## EXERCISE
Exact reproduction is needed for the lines from the one with "ANKETA Uskoro kreće" to the end of the listing below, and for no other lines.

◆ ◆ ◆ ◆ ◆ ◆ ◆

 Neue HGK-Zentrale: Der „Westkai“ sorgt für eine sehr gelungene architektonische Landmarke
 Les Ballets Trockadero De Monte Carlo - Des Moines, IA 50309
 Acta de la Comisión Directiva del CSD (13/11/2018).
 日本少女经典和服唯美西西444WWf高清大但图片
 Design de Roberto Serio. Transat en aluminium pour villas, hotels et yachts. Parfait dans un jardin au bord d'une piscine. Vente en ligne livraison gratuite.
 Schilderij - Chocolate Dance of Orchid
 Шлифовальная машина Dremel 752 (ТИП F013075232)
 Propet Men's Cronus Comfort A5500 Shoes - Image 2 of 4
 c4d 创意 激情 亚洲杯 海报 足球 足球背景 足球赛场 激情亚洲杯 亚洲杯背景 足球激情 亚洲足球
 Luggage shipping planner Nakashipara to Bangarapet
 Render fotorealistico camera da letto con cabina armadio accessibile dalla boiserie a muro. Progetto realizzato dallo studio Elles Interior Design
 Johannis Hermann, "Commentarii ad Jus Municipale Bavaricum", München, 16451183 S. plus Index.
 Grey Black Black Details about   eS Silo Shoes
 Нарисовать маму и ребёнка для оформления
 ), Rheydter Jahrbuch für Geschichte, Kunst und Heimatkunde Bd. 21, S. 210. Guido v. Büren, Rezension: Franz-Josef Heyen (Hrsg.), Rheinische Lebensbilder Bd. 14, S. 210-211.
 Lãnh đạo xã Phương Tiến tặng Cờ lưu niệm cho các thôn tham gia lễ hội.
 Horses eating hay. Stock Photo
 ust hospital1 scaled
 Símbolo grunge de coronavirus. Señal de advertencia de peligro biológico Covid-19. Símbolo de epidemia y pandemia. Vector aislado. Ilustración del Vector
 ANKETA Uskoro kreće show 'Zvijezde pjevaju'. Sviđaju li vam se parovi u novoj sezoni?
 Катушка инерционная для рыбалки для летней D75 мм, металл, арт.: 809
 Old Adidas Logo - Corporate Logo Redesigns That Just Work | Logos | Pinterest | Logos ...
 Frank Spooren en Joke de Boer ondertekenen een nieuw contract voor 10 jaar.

◆ ◆ ◆ ◆ ◆ ◆ ◆

## SOLUTION TO THIS PROBLEM
 ANKETA Uskoro kreće show 'Zvijezde pjevaju'. Sviđaju li vam se parovi u novoj sezoni?
 Катушка инерционная для рыбалки для летней D75 мм, металл, арт.: 809
 Old Adidas Logo - Corporate Logo Redesigns That Just Work | Logos | Pinterest | Logos ...
 Frank Spooren en Joke de Boer ondertekenen een nieuw contract voor 10 jaar.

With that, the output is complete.